I am trying to get the following code segment to create an array of cuda arrays on the host. In device emulation mode the code works as expected. When I tried this aproach on the card, first it gave me a warning message that it could not determine object type assuming global variable. When I run the file all of the resulting matrix calculations are 0. Does anyone know what could cause this problem and how to fix it?
…
float ** d_input = malloc(MatrixLengtrhsizeof(float));
int i;
Are you passing d_input to the kernel as an array of pointers? Since d_input is a pointer itself, it is in host memory. You need a device memory d_d_input (probably pick a better name) and copy the pointers in d_input to it.
About the warning messages, there doesn’t seem to be a way to suppress them or to tell the compiler that the pointer does point to global memory.
I have tried to create then copy the pointer array to a device value and have not been able to get it to work. Would you be willing to tell me the sintax to make the pointer array on the device?
No error checking, and I probably made typos, but here you go.

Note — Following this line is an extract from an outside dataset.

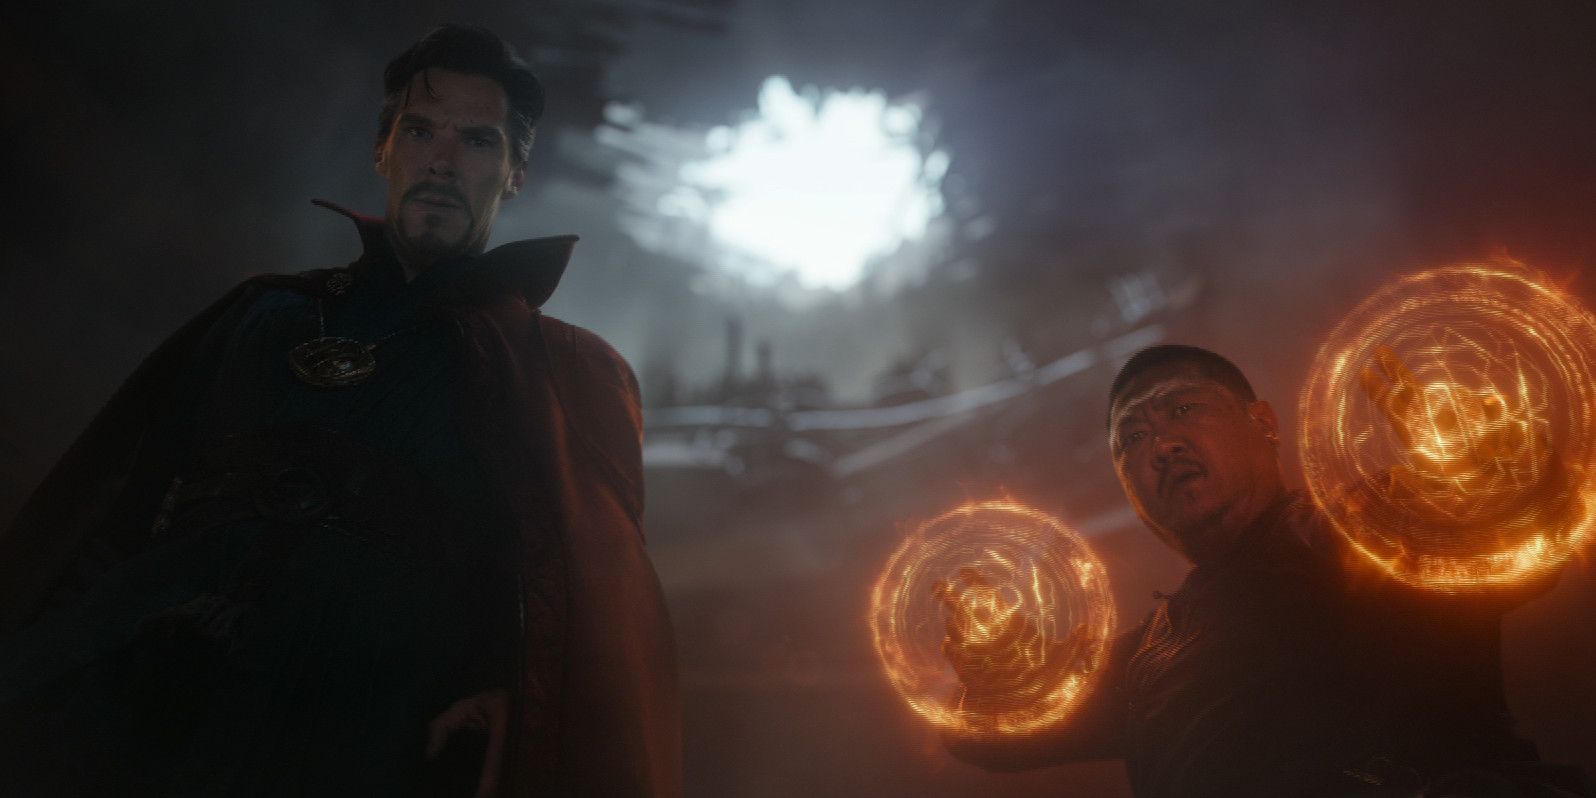 Doctor Strange 2: Every Update You Need To Know

float **h_array_list, **d_array_list;
// allocate array lists
h_array_list = (float*)malloc(num_arrays * sizeof(float *));
cudaMalloc((void**)&d_array_list, num_arrays * sizeof(float *));
// allocate arrays on the device
for (int i = 0; i < num_arrays; i++)
cudaMalloc((void**)&h_array_list[i], data_size);
// copy array list to the device
cudaMemcpy(d_array_list, h_array_list, num_arrays * sizeof(float*), cudaMemcpyHostToDevice);
// allocate array list on the host
float **array_list;
array_list = (float**)malloc(num_arrays * sizeof(float*));
// allocate arrays on the host
for (int i = 0; i < num_arrays; i++)
array_list[i] = malloc(data_size);
// ****fill out data here
// populate data arrays on the device
for (int i = 0; i < num_arrays; i++)
cudaMemcpy(h_array_list[i], array_list[i], data_size, cudaMemcpyDeviceToHost);
As you can see, it is quite a bit of a pain to do this. If at all possible, use 2D structures in memory allocated by cudaMallocPitch. I do use the nasty ** construction at one point in my code where a kernel sums up a variable number of arrays, but I only do so because the memory for each array is allocated separately by different classes. Thinking about it now, I should have written a little memory manager class that would dole out rows of a 2D memory area so that I wouldn’t have to do the ugly ** mess.
Thanks it is finally working. I was also wondering if you might be able to help me with the 2d mem to eliminate all of the pointers. When I tried to switch the code to 2d arrays, the resulting output was incorrect. Is there a good example of using 2d arrays that I could look at to see where I am going wrong?
Just allocate the multiple arrays using cudaMallocPitch. Then you can access element i of array j with “array_data[j*width + i]”, where width is the pitch returned from cudaMallocPitch divided by the size of the element of array_data (because pitch is returned in bytes).